- **WHAT YOU ARE ASKED TO DO**
Return all the data verbatim but without images.

- **MATERIAL PROVIDED**
--------------------------------------------------

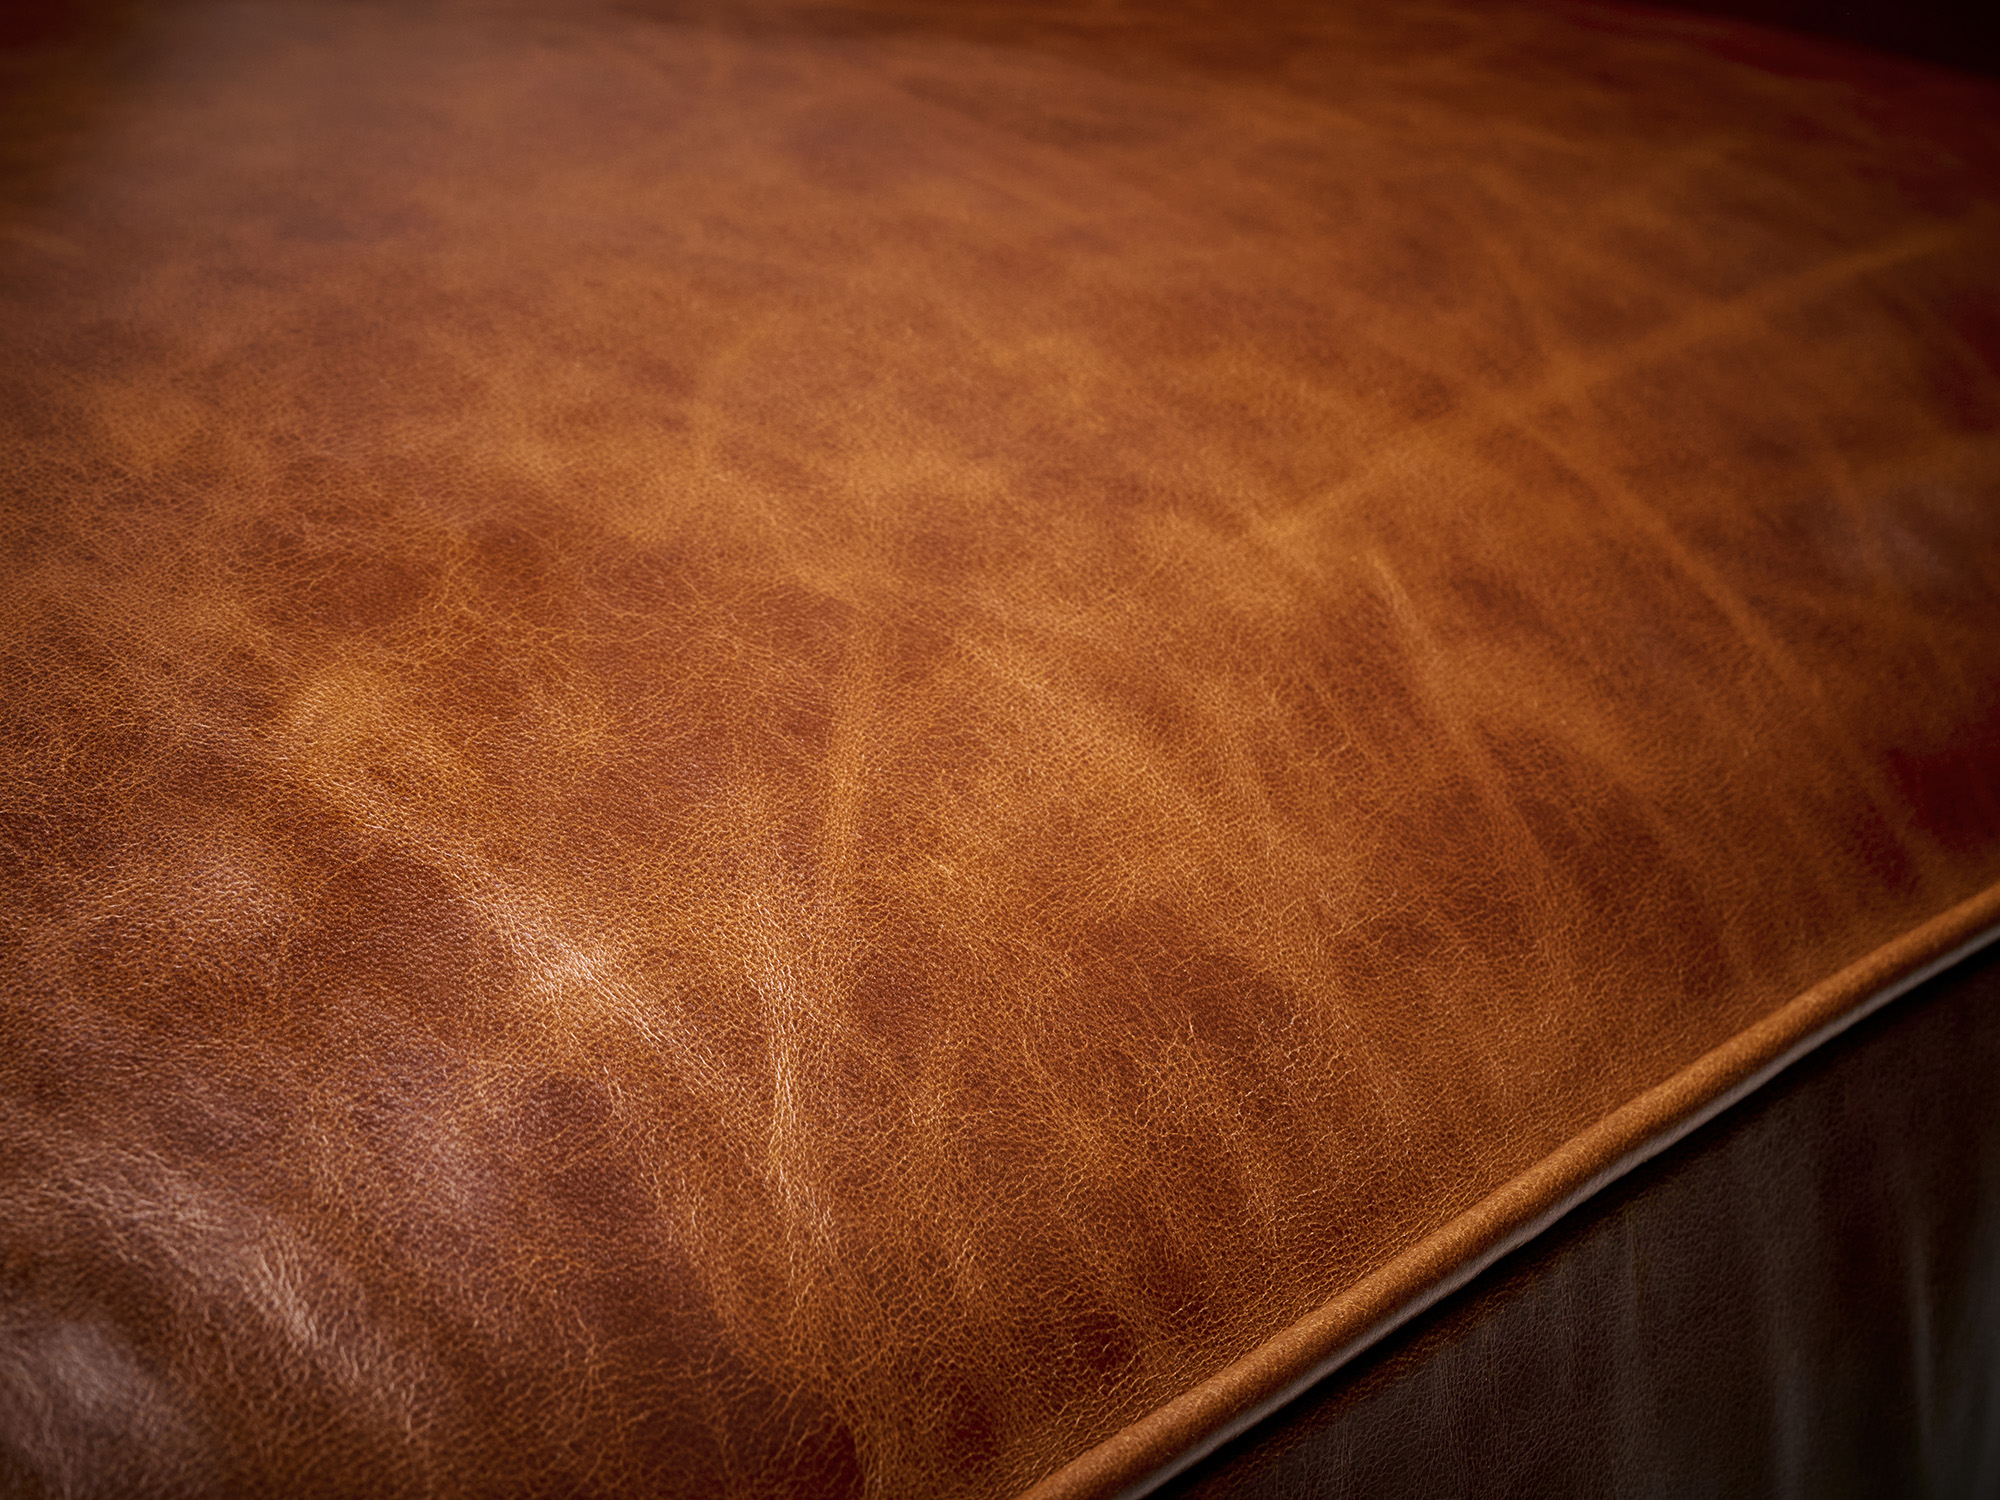 In stock - Atlas Leather Chair in Mont Blanc Caramel Leather - One only - detail 2
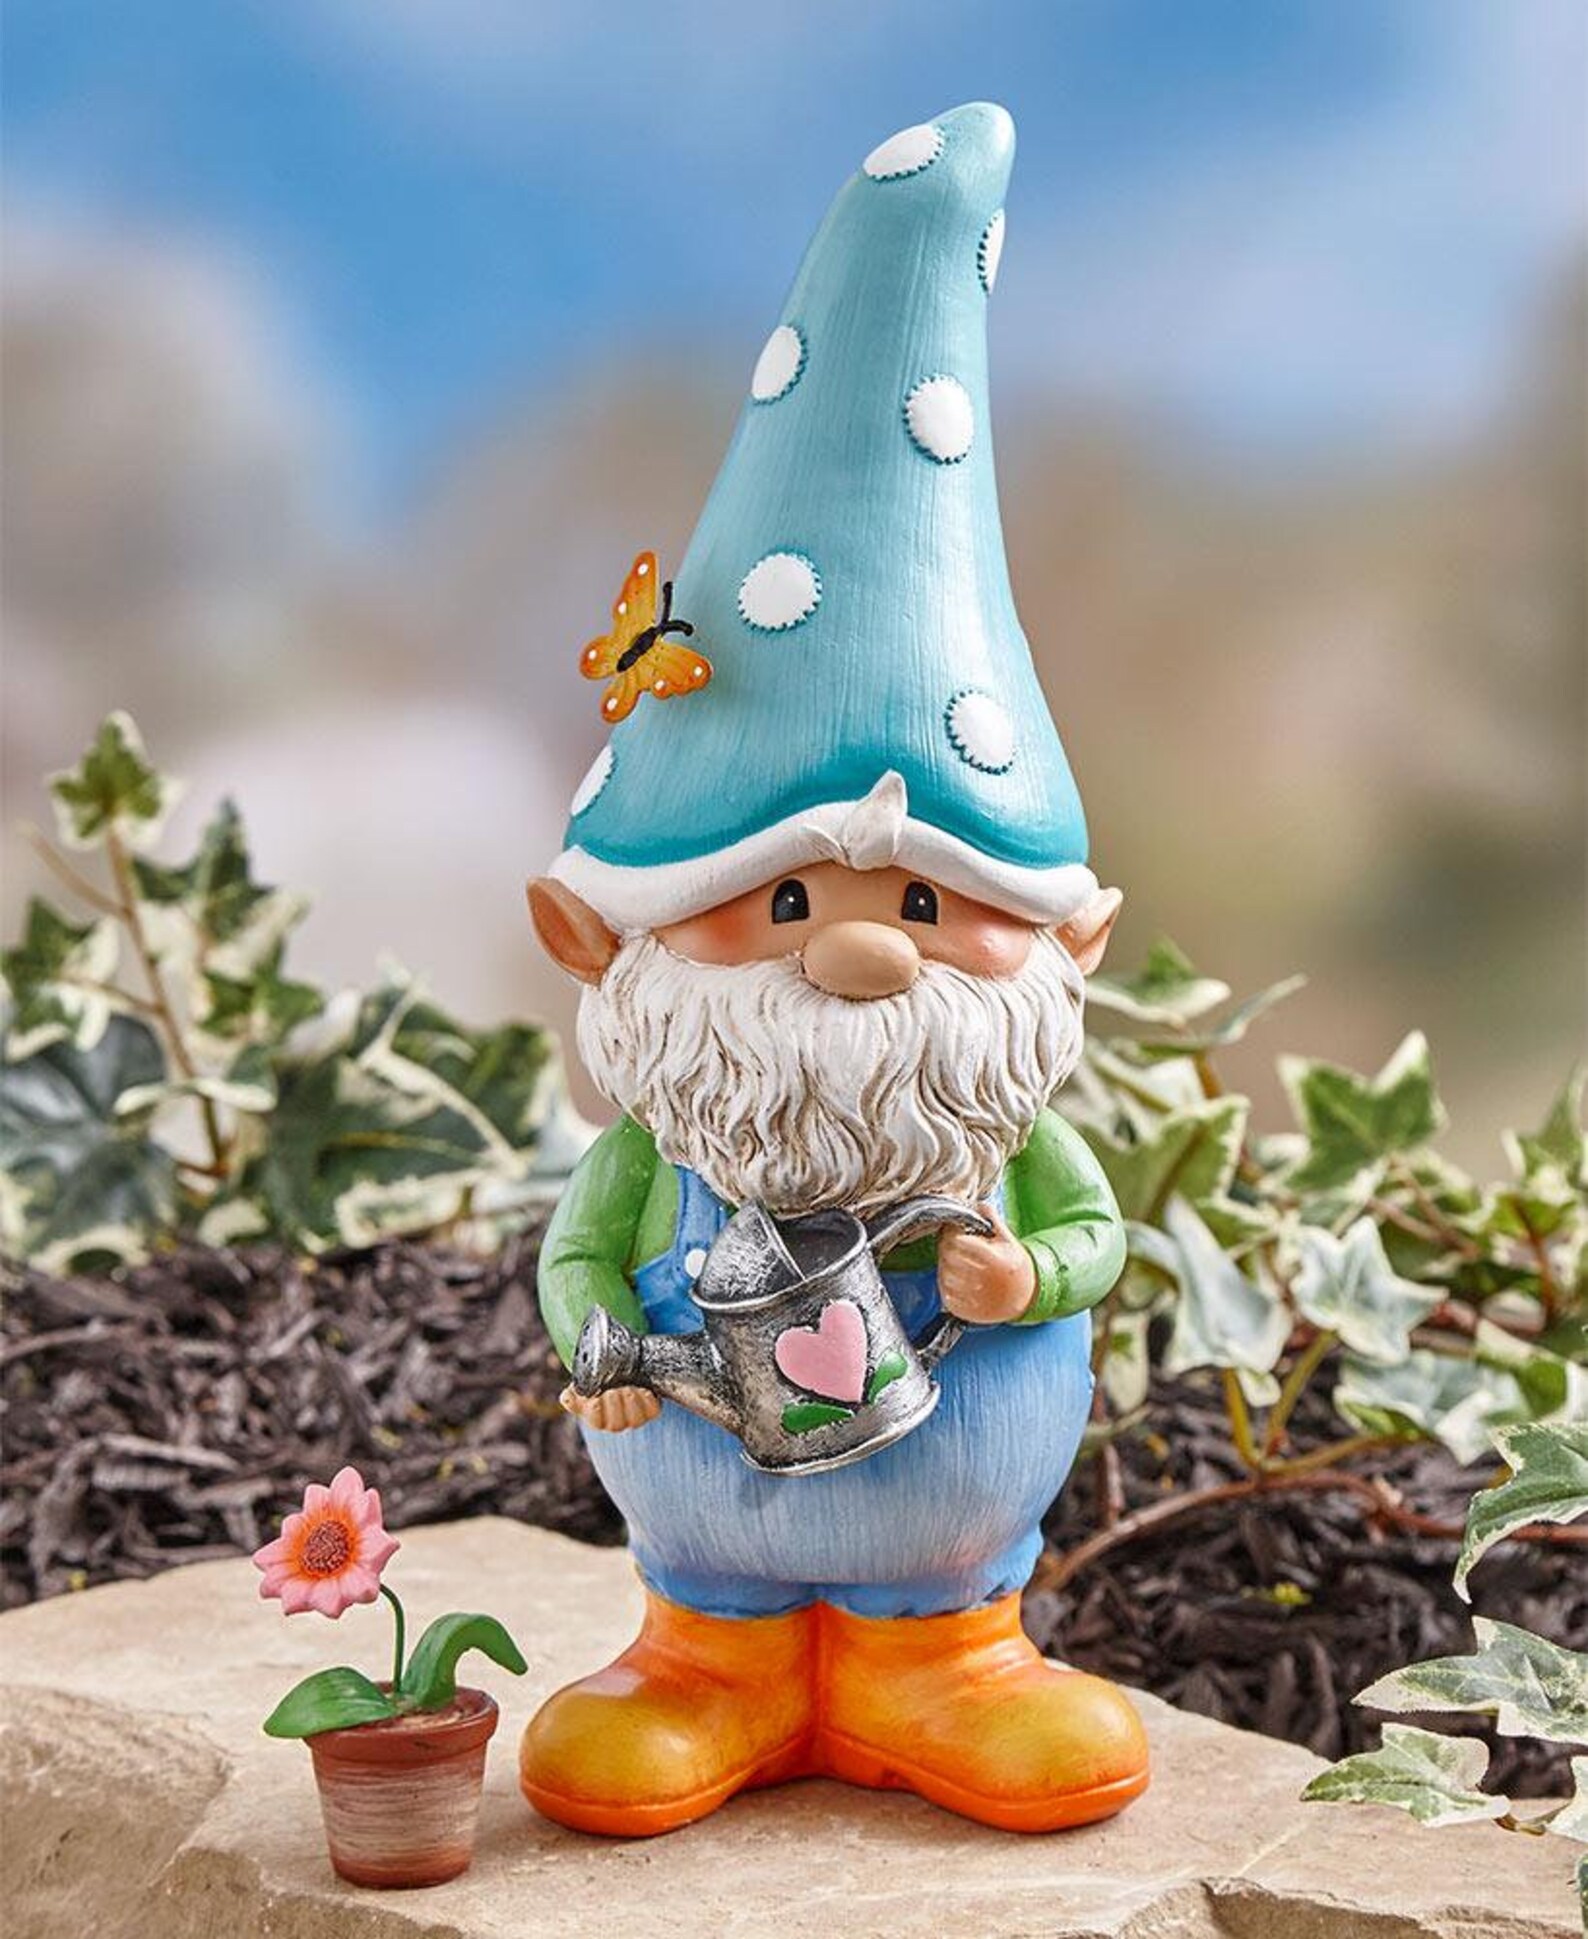 Whimsical Garden Gnome Friend Statues Vintage Outdoor Space Etsy
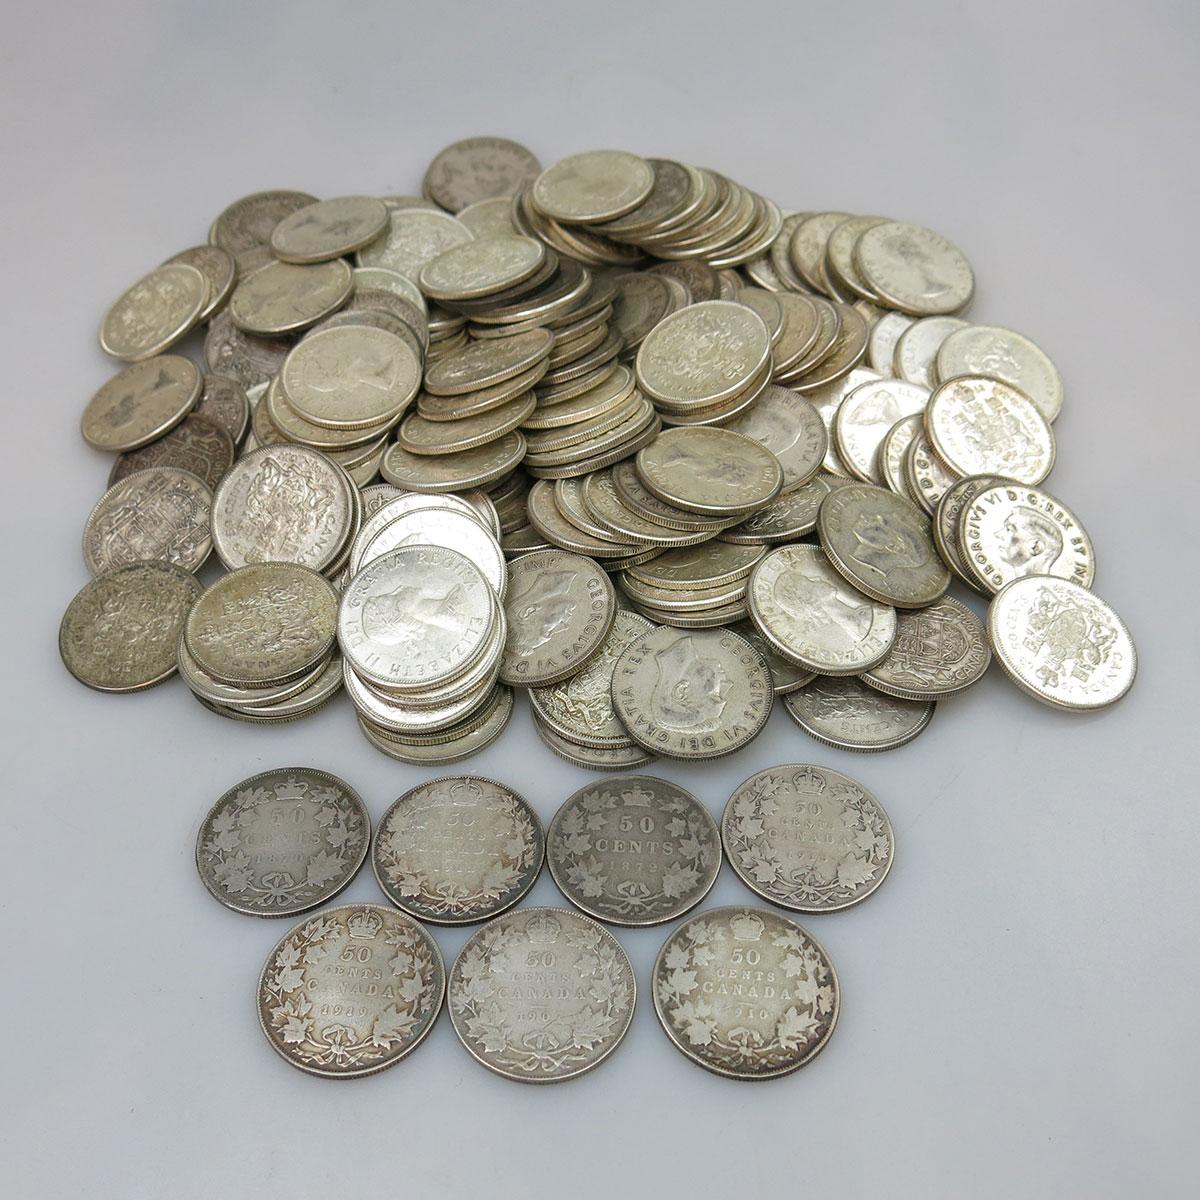 202 Various Canadian Silver Fifty Cent Coins

--------------------------------------------------

- **TASK RESPONSE**
 In stock - Atlas Leather Chair in Mont Blanc Caramel Leather - One only - detail 2
 Whimsical Garden Gnome Friend Statues Vintage Outdoor Space Etsy
 202 Various Canadian Silver Fifty Cent Coins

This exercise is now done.